Schutz usually sets her paintings outside. "Lovers" captures a romantic tryst in a heavily wooded park. Two figures on a bench tightly wrap arms and legs around each other, drawing themselves as close as they possibly can while a flowering branch arches above them. Their desire is so strong that they apparently must consume each other -- they look as if they are swallowing each other's heads. Meanwhile, what looks like an arm appears on the left side of the canvas, as though someone were about to discover the amorous couple.

"Landscape offers so many abstract possibilities," Schutz says. "I have been interested in the way that forest spaces can create a fractured space." She recently learned that German romantic artists used the woods as a symbol for imagination and the unconscious. "It was a space for fantasy, projection and irrationality," she says. The wild, uncharted forest is the perfect setting for this Pied Piperish romp, in which Schutz leads her audience through her imagination with feverish brush strokes in garish colors.

Although they're conceptually engaging, the Frank pieces in this show are not Schutz's most interesting visually. "Surgery," which Hartman recently purchased for JCCC's future Nerman Contemporary Art Museum, is a creepily spectacular commentary on the meanness of little girls. Seven of them gather around what resembles an oversized Operation game board, but instead of a portly cartoon man with a red light-bulb nose lying exposed on the examination table, there's another glassy-eyed little girl.
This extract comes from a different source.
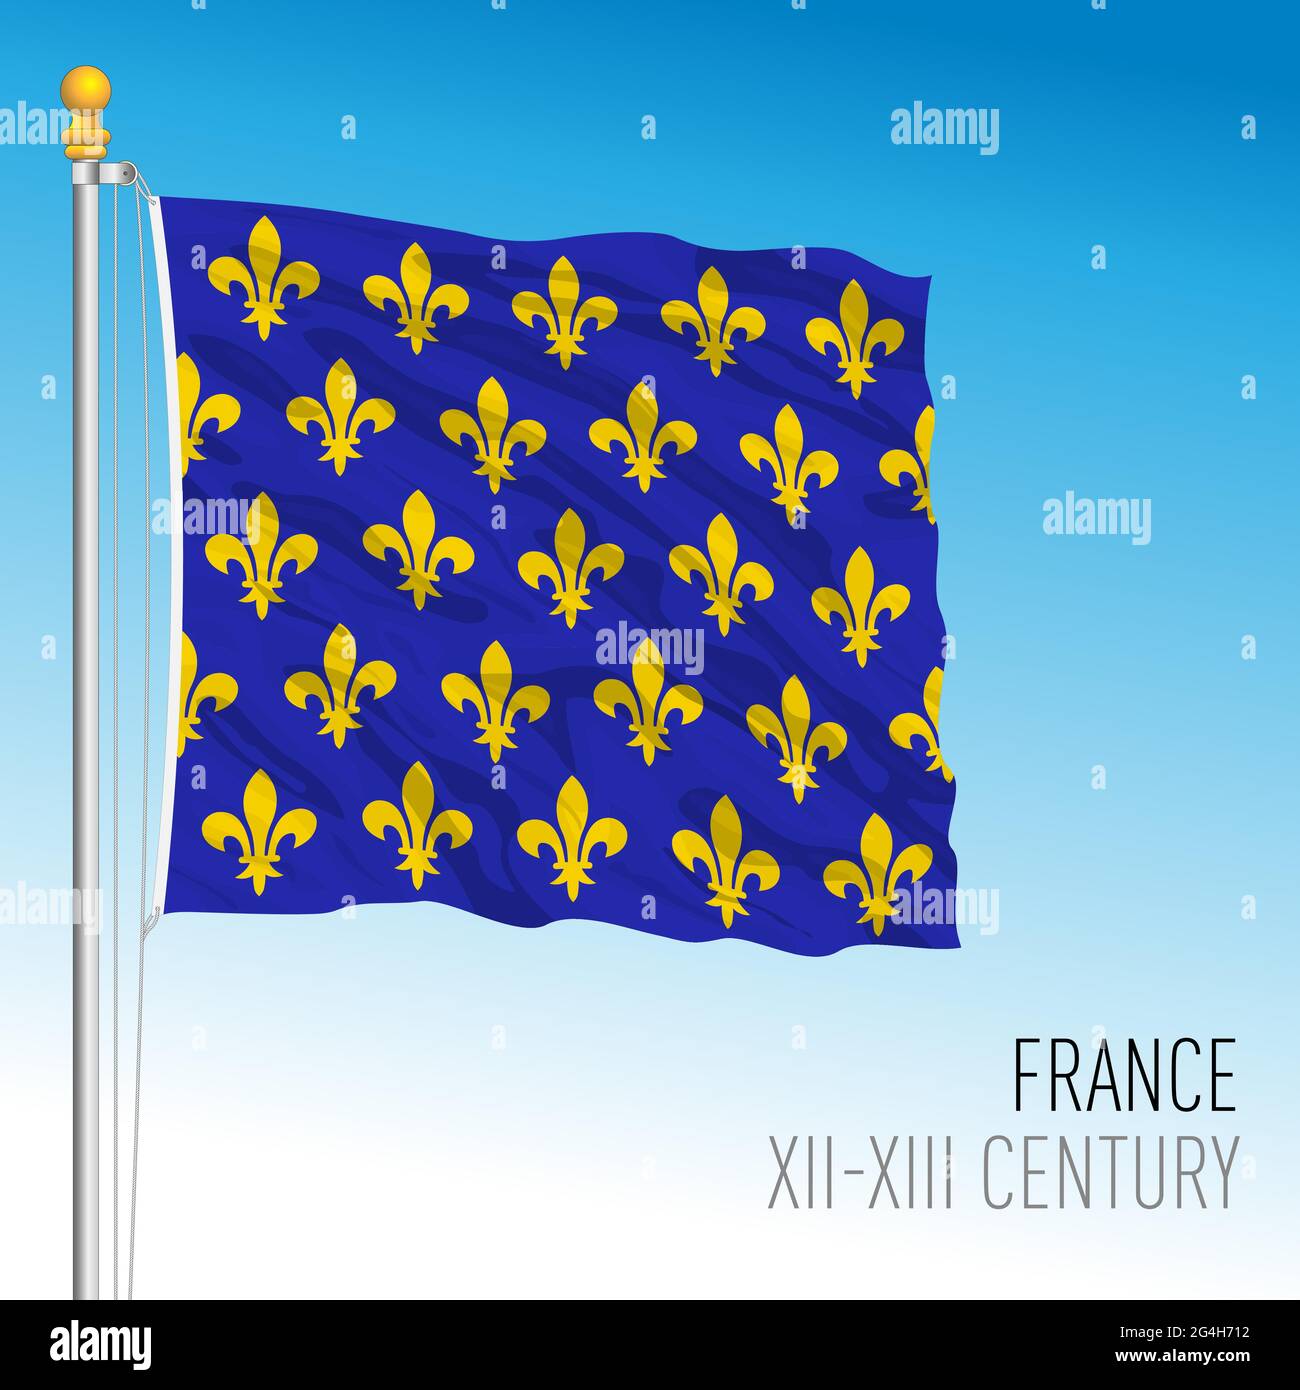 Französische historische Flagge, Frankreich, XII XIII Jahrhundert,  Vektorgrafik Stock-Vektorgrafik - Alamy

The top of her skull has been sliced cleanly off, her limbs lie across the table bent at awkward angles and her chest is an open cavity. Three of the girls lean over their specimen, picking at her with instruments in their gloved hands. The happy-colored palette -- girly pinks, comforting yellows and warm oranges -- and the checkered picnic tablecloth make for a pleasant backdrop. But they're in stark contrast to the emotionless, calculating expressions on the girls' faces.